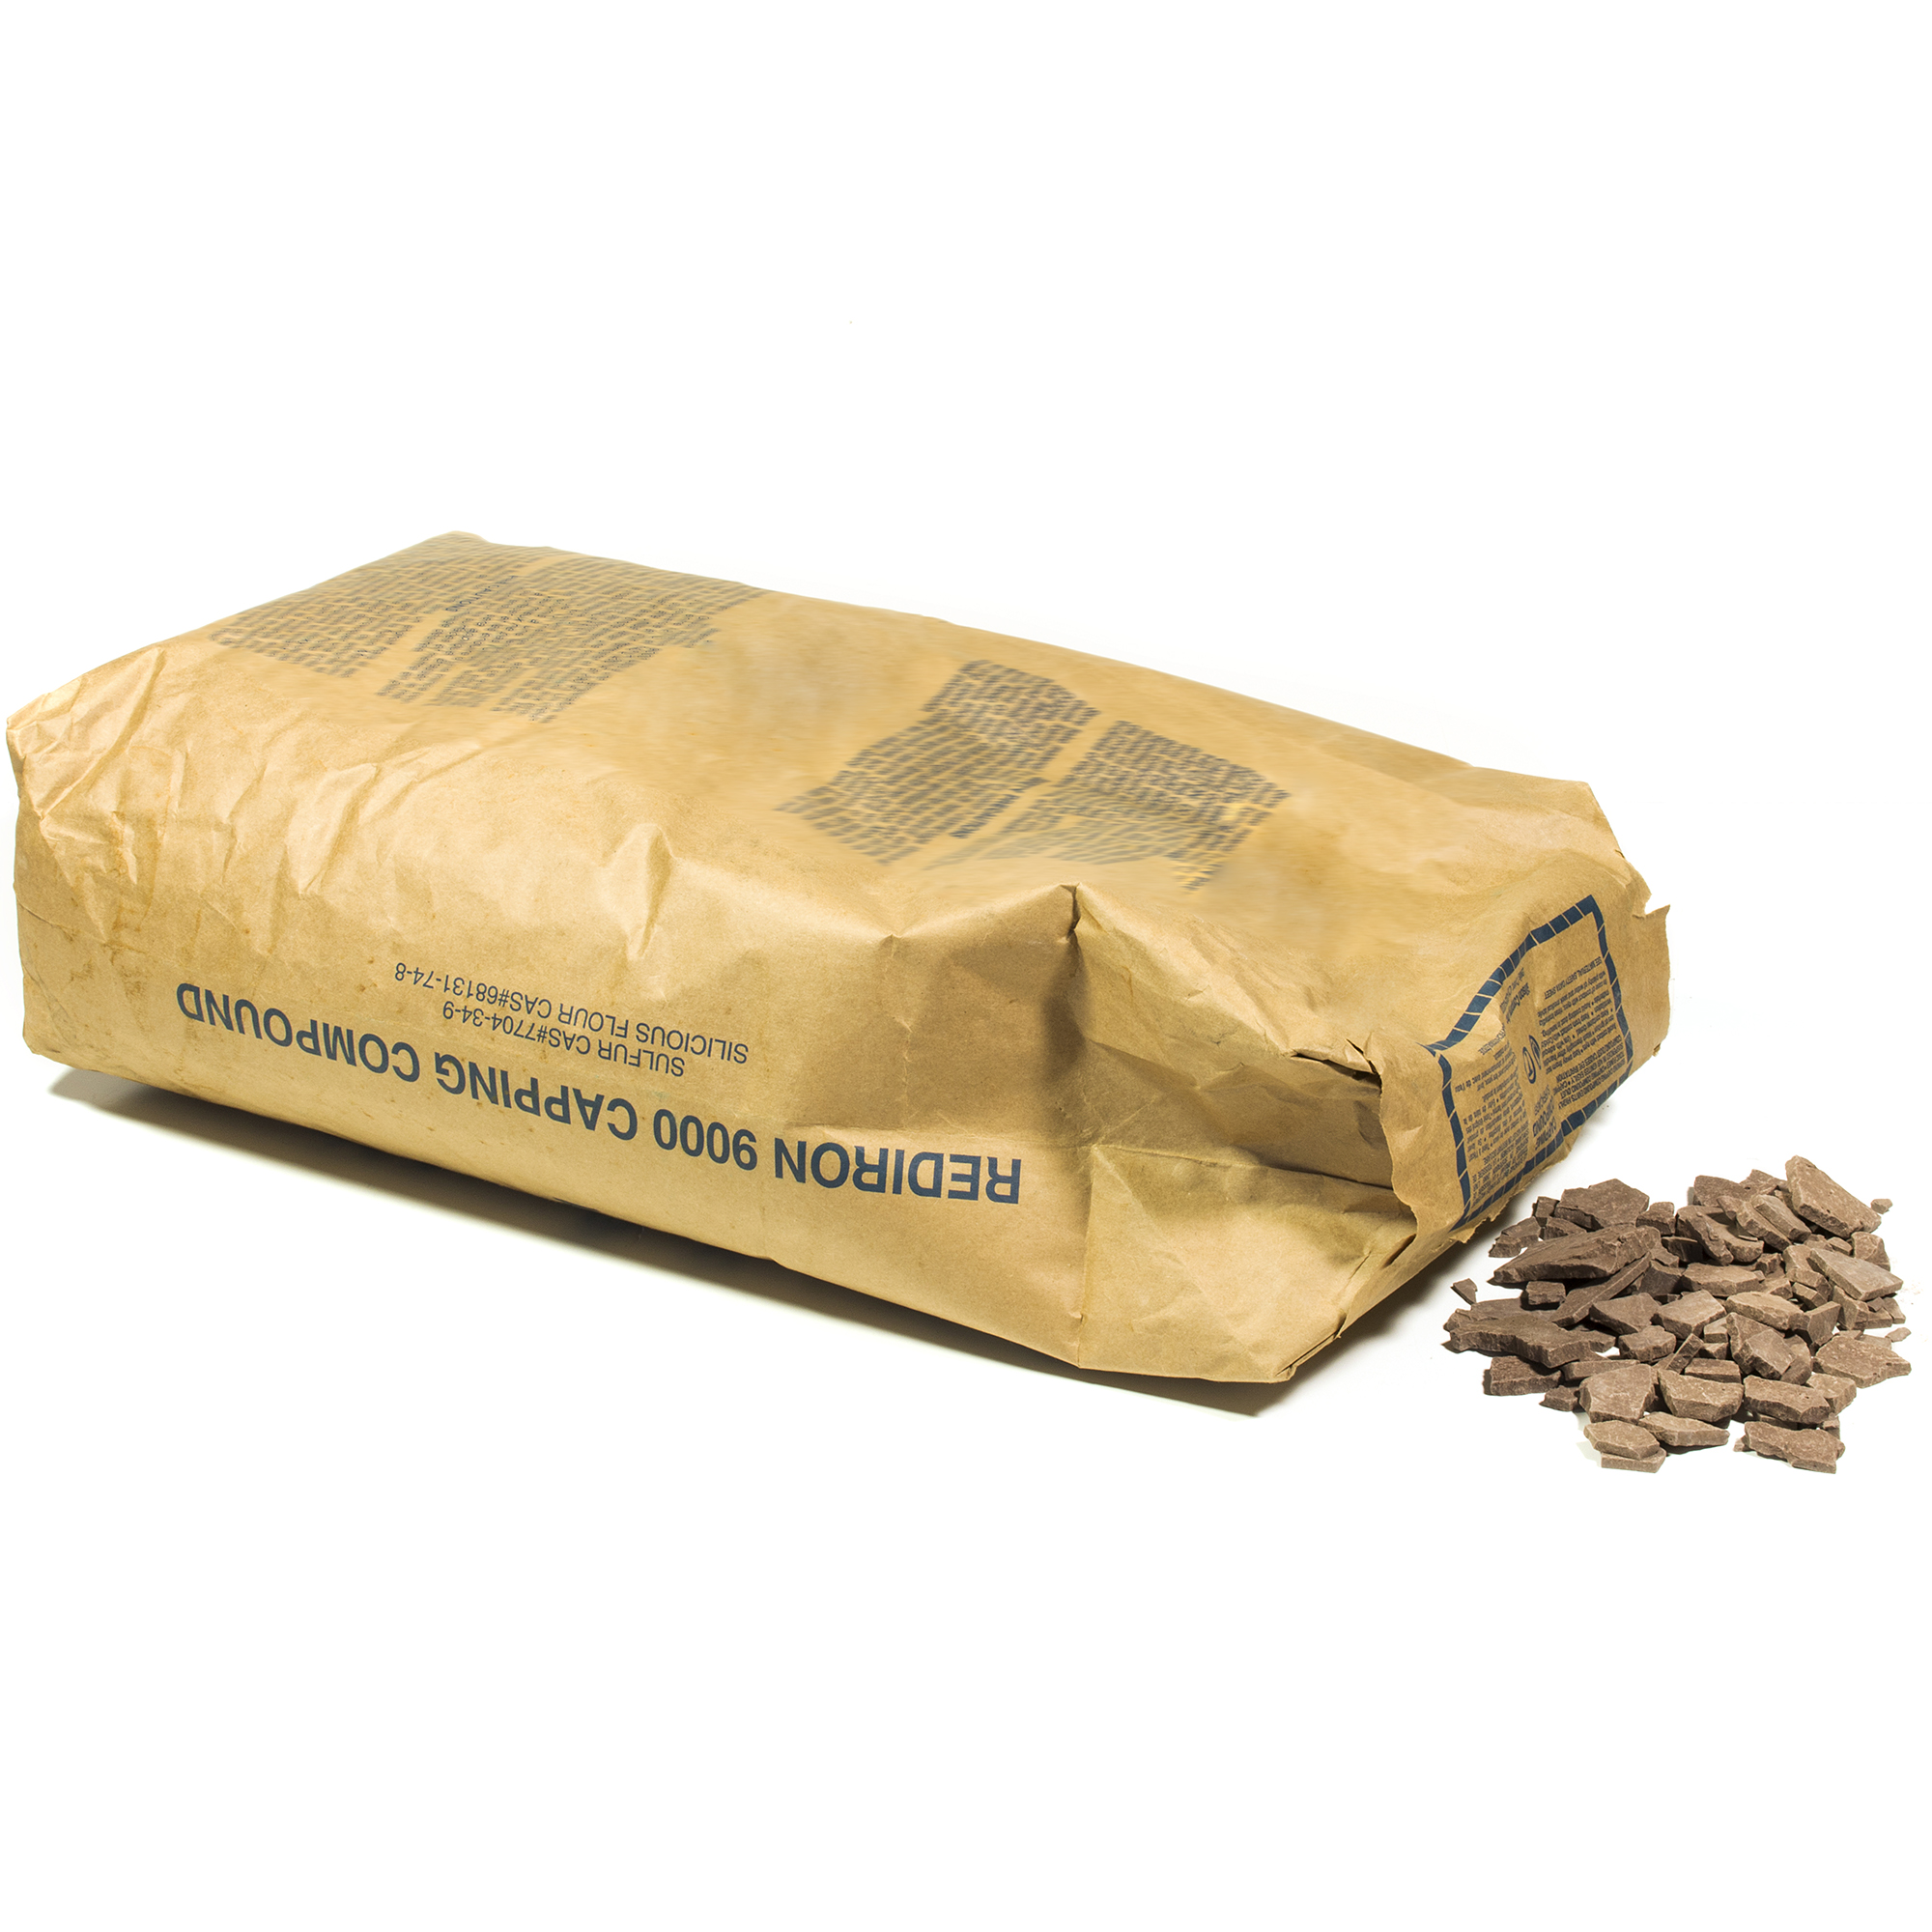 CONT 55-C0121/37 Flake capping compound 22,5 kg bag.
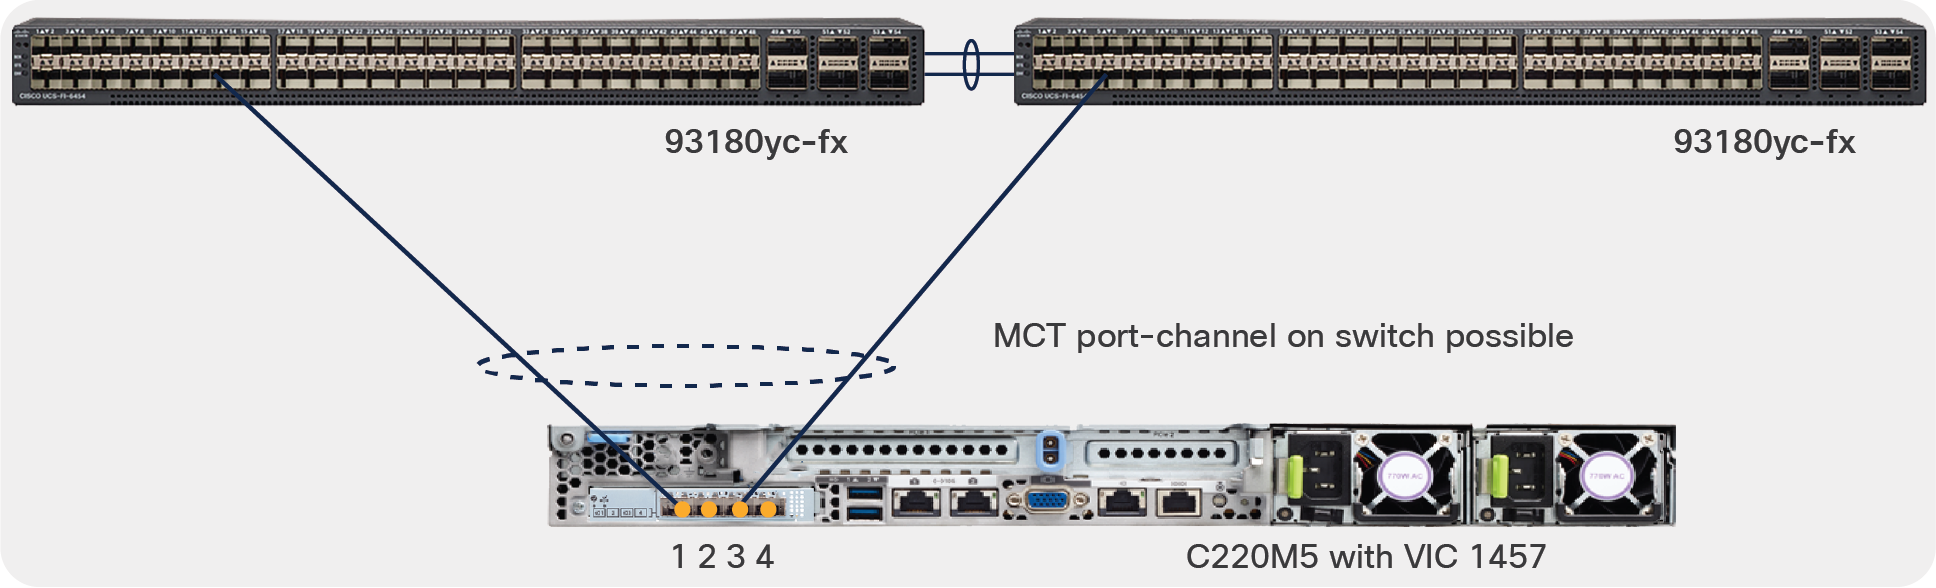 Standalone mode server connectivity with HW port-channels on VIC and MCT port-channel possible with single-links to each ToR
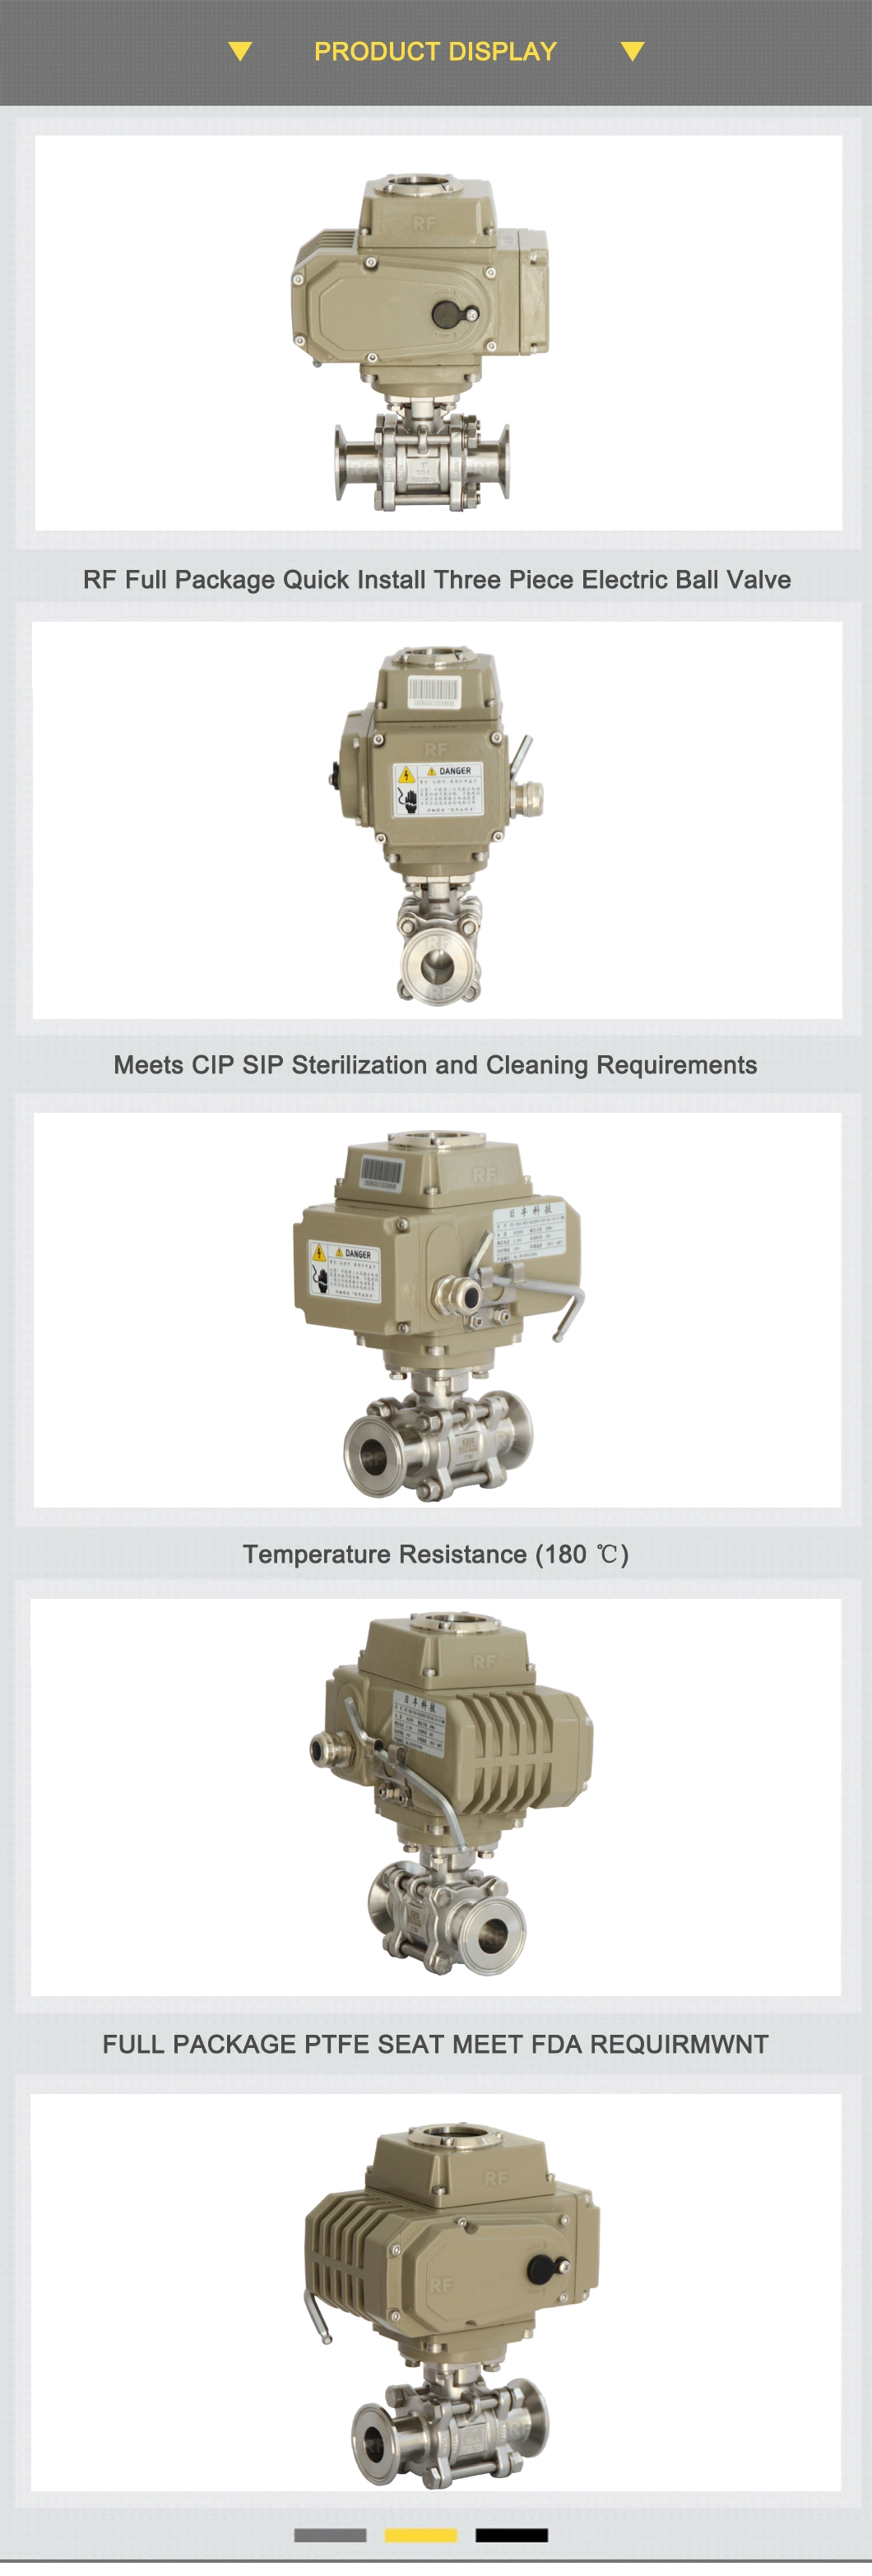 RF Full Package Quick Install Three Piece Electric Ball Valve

■ THE TASK ■
Once the images are dropped, set down the remaining material word for word.

■ RESPONSE BELOW ■
 CONT 55-C0121/37 Flake capping compound 22,5 kg bag.
 Standalone mode server connectivity with HW port-channels on VIC and MCT port-channel possible with single-links to each ToR
 RF Full Package Quick Install Three Piece Electric Ball Valve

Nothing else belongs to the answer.